Monday, May 25, 2009

The postman that just keeps ringing: Jeirchow


Thing about a past is the more of one you’ve got the less you need to talk about it. Thus
Jerichow begins with tight-lipped Thomas (Benno Fürmann) leaving a funeral in the company of two men, who take him to an old country house. The deceased, we soon learn, is Thomas’ mother, the house his inheritance. The men, we gather, are old pals who probably won’t be pals much longer. Thomas owes them money and payment’s long overdue. The pals take Thomas’ savings and leave him sapped and abandoned in his own yard. He takes a long nap, woken by nuzzling fawn the next morning. We learn he was a soldier in Afghanistan, now dishonourably discharged. He’s broke, his prospects decidedly narrow. He takes a job harvesting cucumbers.

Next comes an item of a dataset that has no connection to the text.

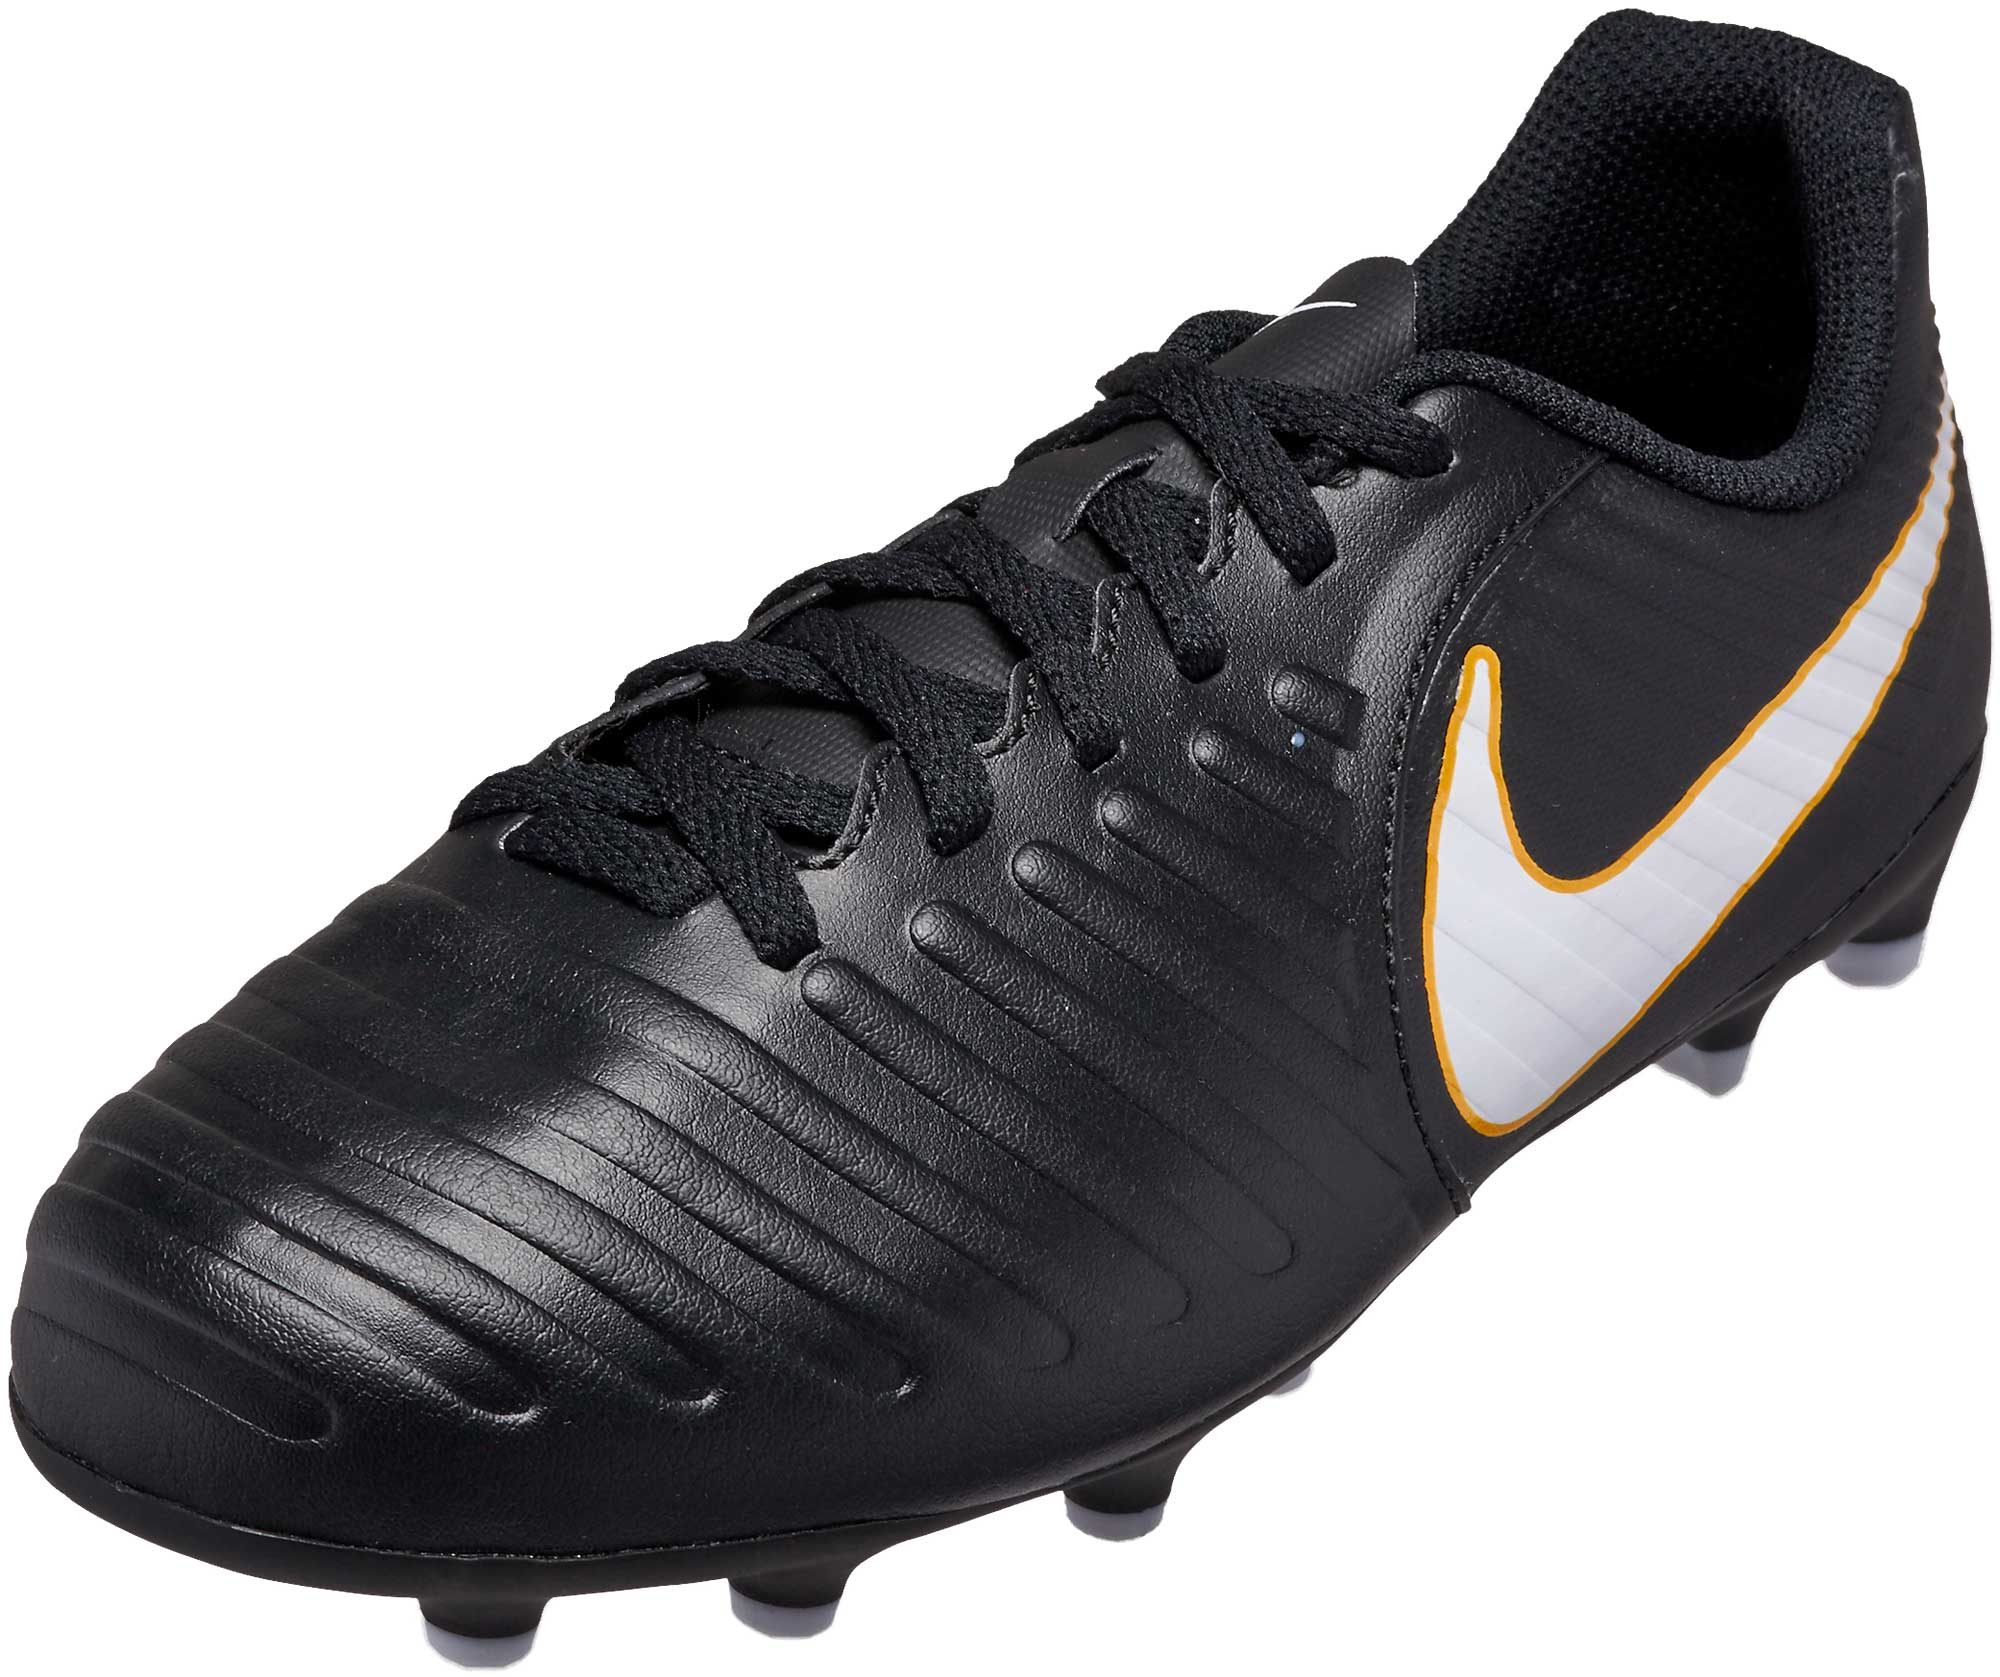 d24abb3bc83f26 Nike Kids Tiempo Rio IV FG Soccer Cleats - Black   White - Soccer ...
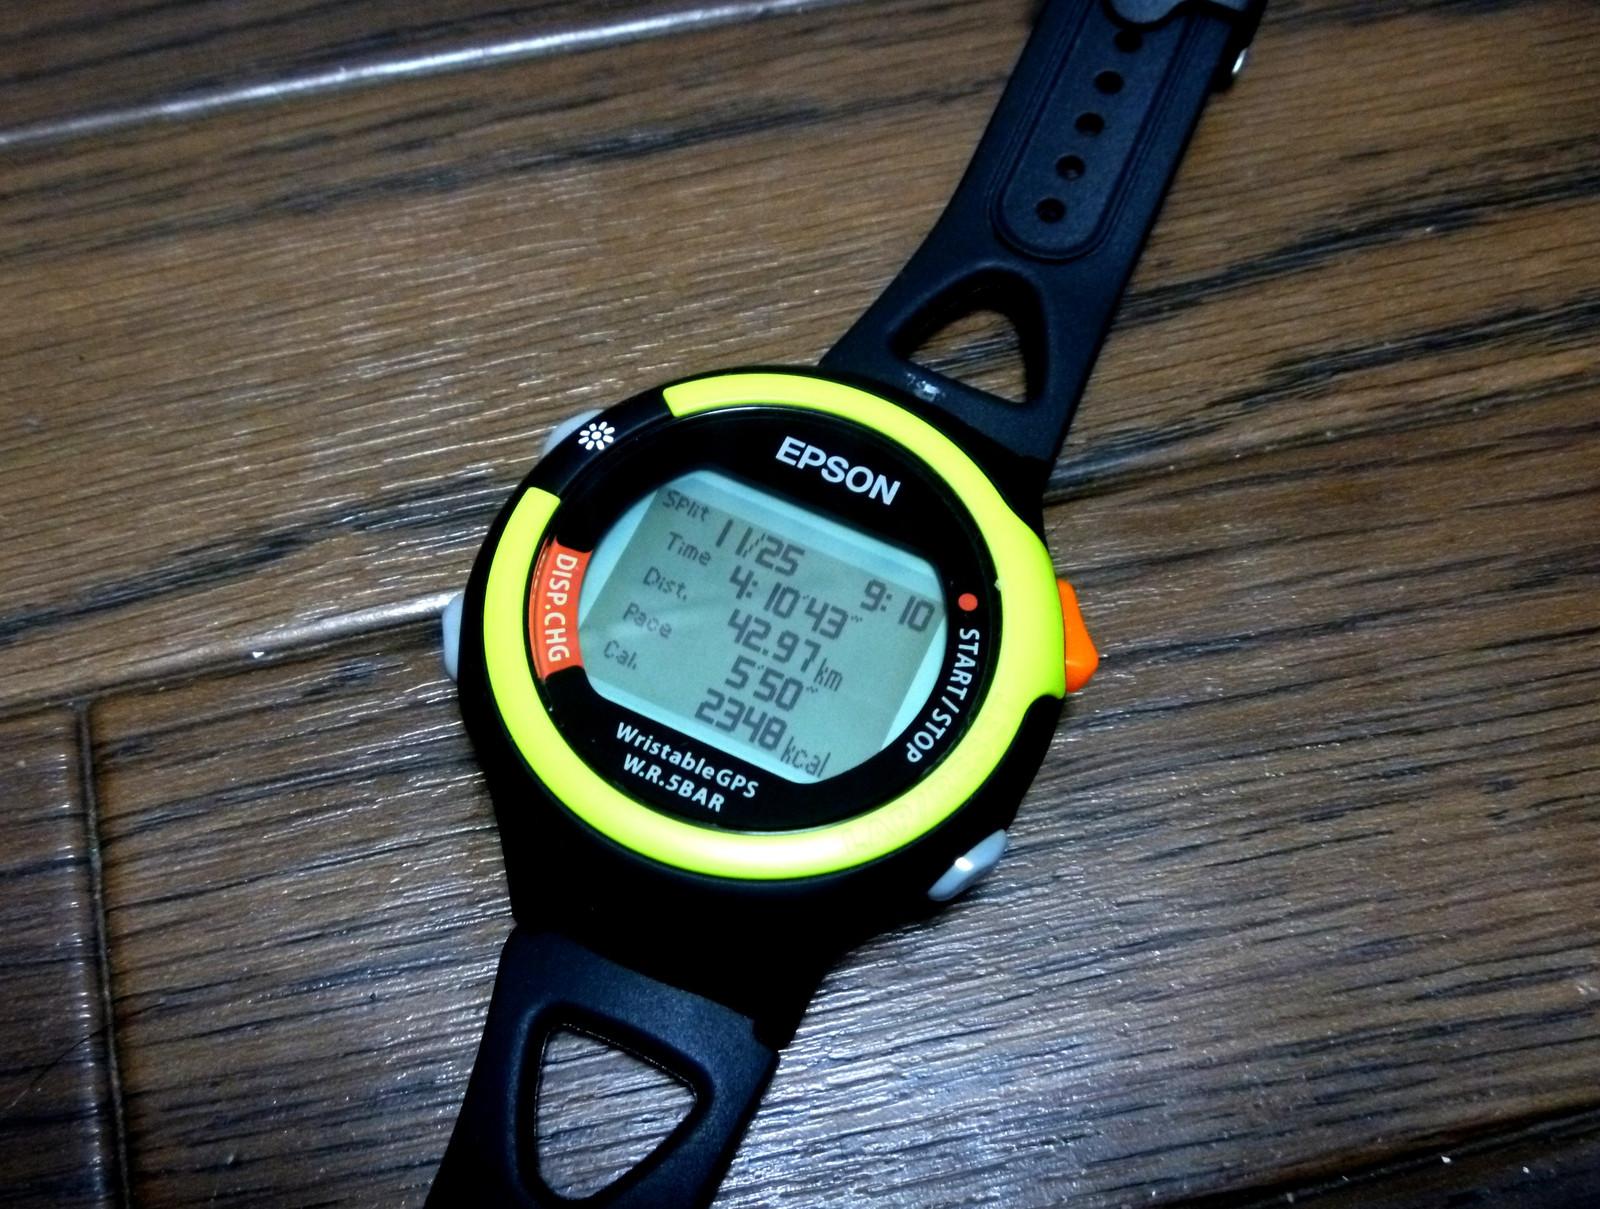 GPS付の時計があります。山歩きやマラソンで、利用すると便利です!のサムネイル画像

Until something a little better comes along. By chance, Thomas meets Ali (Hilmi Sözer), a supplier to a number of snack bars in the region. He seems to have a solid business, impressive capital, a significant drinking problem, and a much younger, pretty blonde wife named Laura (Nina Hoss). Thomas helps Ali out of a jam and is rewarded with a job as Ali’s driver. Despite Thomas’ reticence, the men develop a certain masculine camaraderie. It’s a little one-sided, but Ali needs a friend he can trust because he sure can’t seem to trust his wife. Ali’s consumed by jealousy, yet, strangely, he also seems to almost encourage Thomas’ attraction to Laura, who’s even less voluble than Thomas. The three spend more and more time together. Ali drinks far too much. We wait, wondering how long it will take for lust to sprout fangs.


The only other film I’ve seen from German writer/director Christian Petzold is his 2007 feature Yella, which shares interesting similarities with Jerichow: an uneasy relationship between automobiles and water; an unexpected business opportunity on offer with a minimum of questions asked; a steady narrative progression built upon just the right number of expository clues to keep us intrigued; and Hoss, whose striking beauty is odd enough to encourage our interest and whose mere gaze feels at once vulnerable and guarded. The most distinguishing trait these films share however is extra-filmic. Other than the fact that it’s a personal favourite film of mine, I won’t tell you what the source material is for Yella here, since there’s a great pleasure to be found in recognizing it yourself, and anyway if you really want to know you can find out easily enough elsewhere. But I will tell you that the inspiration behind Jerichow is one of the great hard-boiled crime novels of the 20th century, one that’s been explicitly adapted into two Hollywood movies and surreptitiously drawn upon by many, many more.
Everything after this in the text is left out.